As manifestações que ocorrem desde o último fim de semana, que têm colocado manifestantes pró e contra o governo do presidente Jair Bolsonaro (sem partido) nas ruas ao mesmo tempo, acendem um alerta em relação a atos de confronto e vandalismo e trazem de volta a tática dos black blocs para o cenário brasileiro. As manifestações pró-governo já vêm acontecendo desde março em várias cidades do país. Desde domingo (31), várias cidades do país também têm registrado atos contra o governo e a agenda deve se intensificar nos próximos dias.
Segundo o jornal Valor Econômico, as forças de segurança federal e dos estados estão preocupadas com o ressurgimento dos black blocs em manifestações no Brasil. No próximo fim de semana, há manifestações pró e contra o presidente agendadas em Brasília e há um receio das forças de segurança de que ocorra violência nos atos.
O site O Antagonista afirma que a avaliação na cúpula do Exército é que manifestações com atos de vandalismo e confronto devem ser contidos pelas forças de segurança dos estados. Mas o Exército não descarta intervir caso a situação fuja do controle.
A manifestação que terminou em quebra-quebra
A manifestação em Curitiba, chamada pelas redes sociais, começou nesta segunda-feira (1) por volta das 18 horas no centro da cidade. O grupo “antifa”, que utiliza símbolos anarquistas (bandeira preta) e socialistas (bandeira vermelha), ambos de características não democráticas, carregava faixas com frases de combate ao racismo e ao fascismo.
O ato remete aos protestos que já duram uma semana nos Estados Unidos contra a morte de George Floyd, um homem negro de 46 anos, por um policial branco na cidade de Minneapolis. Por lá, os protestos também têm descambado para a violência e confronto entre policiais e manifestantes em várias cidades.
Durante o ato em Curitiba, os manifestantes queimaram uma bandeira do Brasil em frente ao Palácio Iguaçu, sede do governo estadual do Paraná, o que é classificado como crime. Vídeos nas redes sociais mostram duas faces do protesto: movimentos pacíficos de manifestantes, que gritavam palavras de ordem contra o presidente Jair Bolsonaro (sem partido); e momentos de depredação. Também há vídeos que mostram a ação da Polícia Militar (PM) contra manifestantes.
Durante uma caminhada, uma parte dos manifestantes depredou prédios públicos e particulares, incluindo um prédio do Tribunal de Justiça do estado. Em nota, a prefeitura de Curitiba informou que, em equipamentos públicos do município, houve registro de danos em algumas estações-tubo na região do Centro Cívico e pontos de mobiliário urbano na Praça Tiradentes e na Travessa Nestor de Castro.

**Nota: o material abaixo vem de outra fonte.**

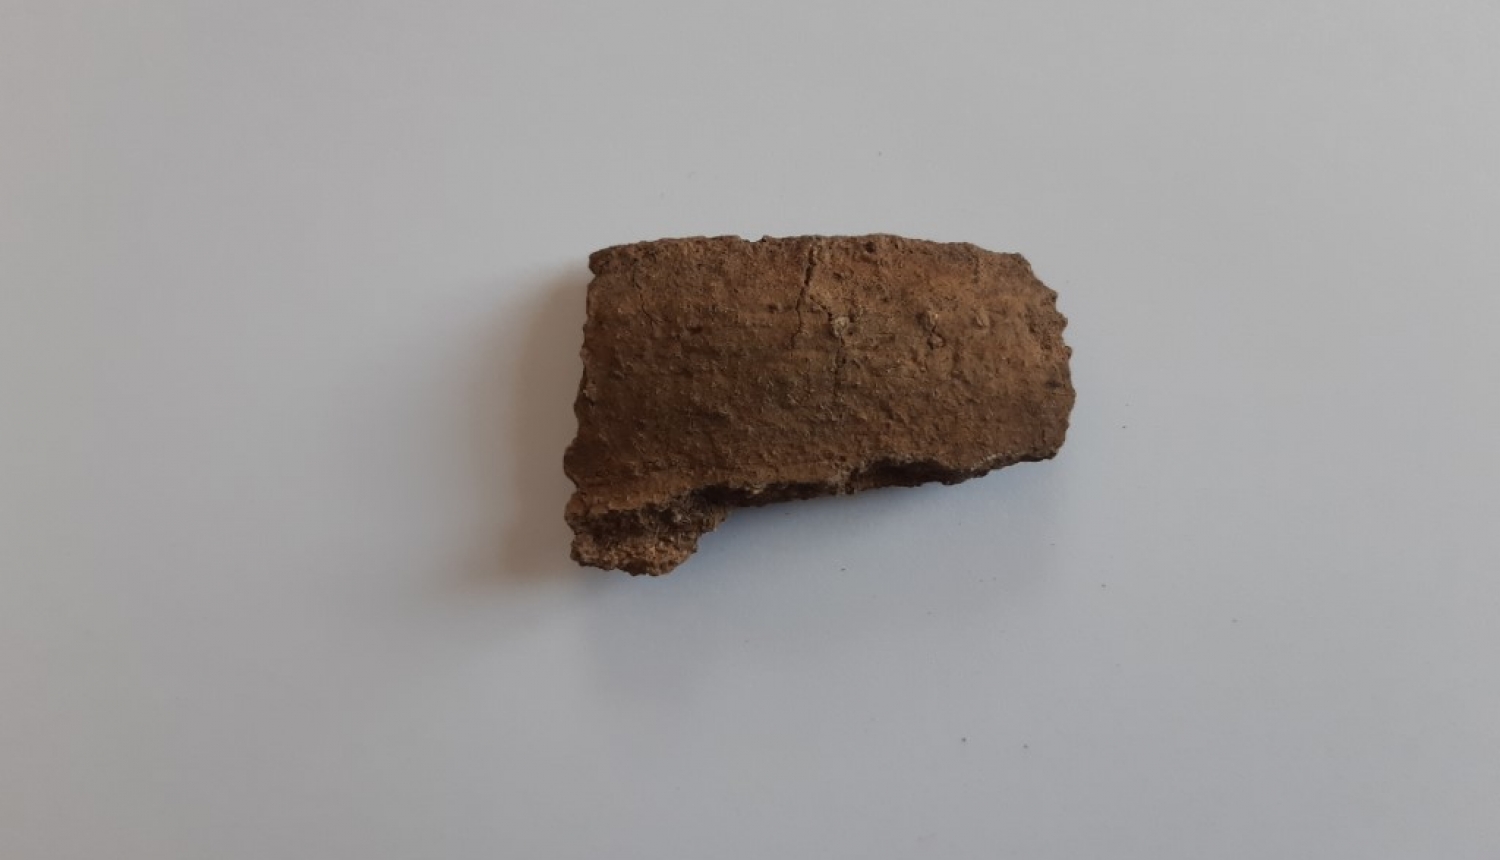 Viļakas muzejā lekcija “Loginu senkapu 2019.gada izpētes rezultāti”

Em coletiva de imprensa realizada na noite de segunda-feira (2), o subcomandante geral da polícia Militar do Paraná, coronel Antônio Carlos de Morais, disse que a corporação agiu “com a firmeza necessária” diante de uma ação violenta por parte dos manifestantes.
Por meio de nota, a organização do ato afirma que os manifestantes se comportaram de maneira ordeira “em defesa da democracia e contra o racismo”. “Infelizmente, no final do ato, em uma dispersão de alguns poucos, houve vandalismo contra o patrimônio público. O que, ao nosso ver, é muito estranho e suspeito e representa a presença organizada de infiltrados que desejam a criminalização do movimento”, diz a nota.
Tática de depredação é usada por black blocs
A depredação de prédios e o confronto com a polícia em manifestações de rua é uma tática recorrente de guerrilha urbana utilizada por black blocs. O termo foi usado pela primeira vez na Alemanha, na década de 1980, para se referir a grupos de pessoas que se organizavam para enfrentar a repressão policial.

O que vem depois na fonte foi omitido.